Kalau pejabat publik sudah seharusnya gak perlu di husnudzhan-in, melainkan memang harus dicek ini itunya. Gak usah pejabat publik, mainlah sampeyan ke kawasan Timur Jakarta. Ente semua akan terkagum-kagum melihat pegawai Pemda DKI bisa punya rumah segede gaban. Husnudzhan yuk husnudzhan. :) Yang di huznudzhan-in cuma cekikikan. Harus dibedakan yang tegas antara husnudzhan dengan kecurigaan karena kalo gak gitu KKN gak akan tuntas.

Ya, wess, sebaiknya kita tutup kuping, tutup mata dan tutup telinga. Gak usah dengar kisah-kisah sedih dan tragis seeprti itu. Bisa-bisa kita semua "muntah" karenanya. Bisa-bisa kita semua stress dan bingung kenapa alam realita di nusantara kok begitu keras dan kejamnya. Biarlah waktu yang akan membuka semua tabir itu. Moga-moga di saat itu kita sudah kuat mental menerima kenyataan.

Yang terpenting kita gak ikut-ikutan terlibat di dalamnya, ya gak brur? Namun aye jadi bingung, gimana nih caranya negara yang dah bengkok ini diluruskan lagi. Yah, berjuang sajalah, perjuangan tanpa akhir.

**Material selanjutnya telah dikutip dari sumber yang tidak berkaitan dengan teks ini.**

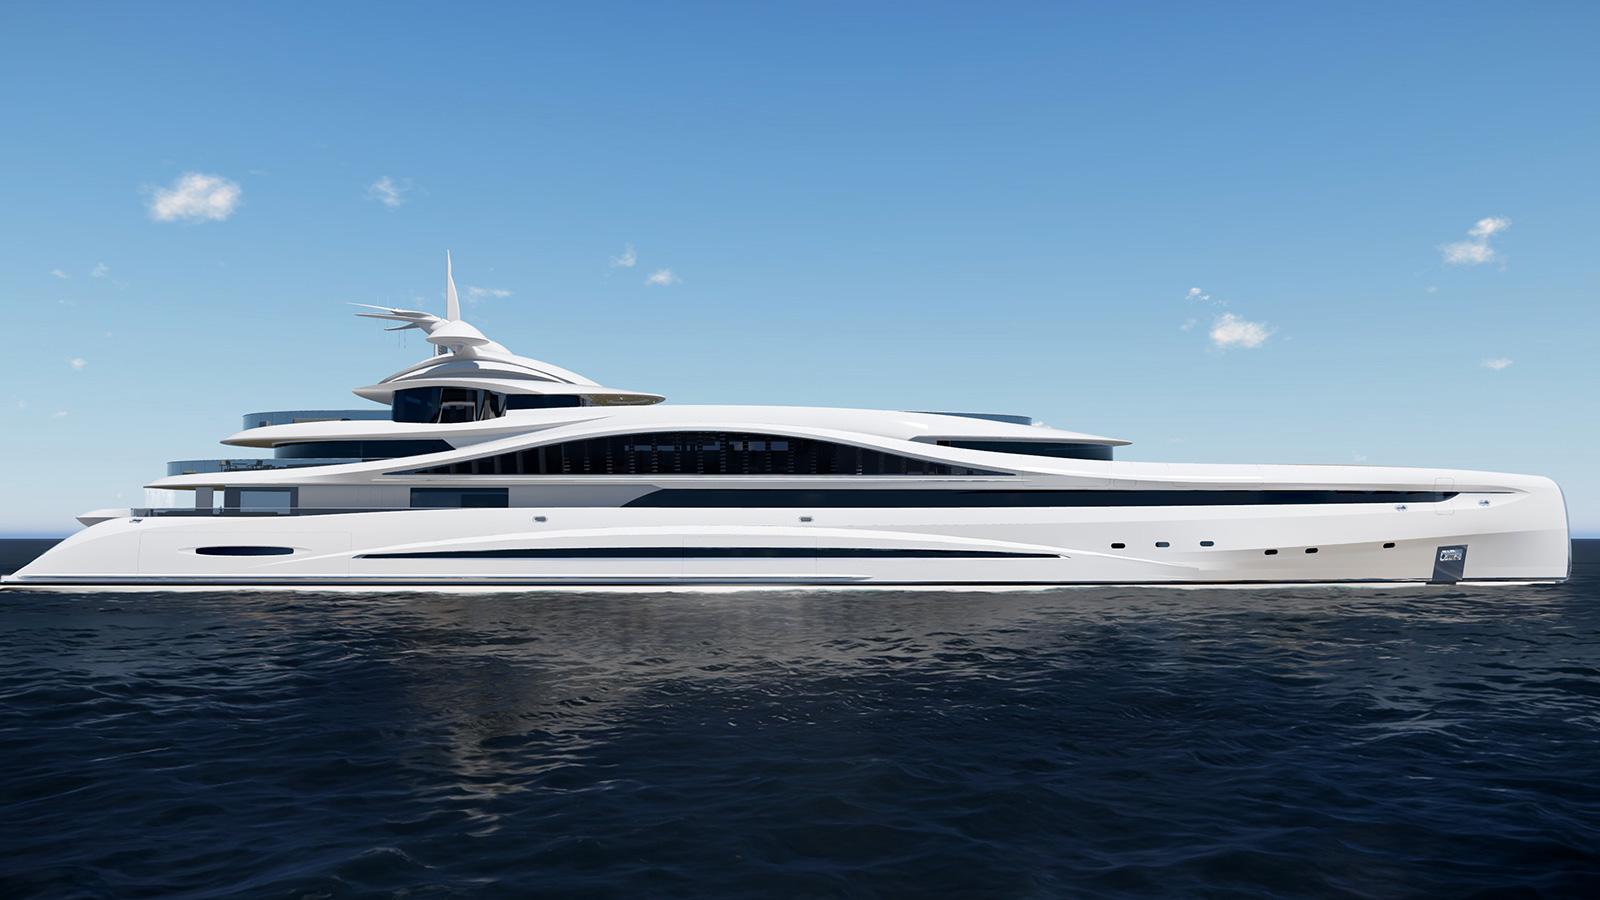 starboard-view-of-90-metre-fincantieri-super-yacht-concept-sundance

Perjuangan tanpa akhir, termasuk cerita moral-moralan di kita ternyata gak pernah ada akhirnya. Karena memang definisi moral itu gak jelas, dan hati nurani sudah tertutup.

Wassalaam,

Papa Fariz
FS account: boedoetsg@yahoo.com

1 comment:

ngadmin said...

wah klo baca n' denger berita para pejabat Indonesia dari pejabat kelas RT sampae pejabat tinggi negara mang bikin sakit ati aja...Oom Friz mah diluar negri enakan ga berurusan dengan manusia2 campuran setan kek gini.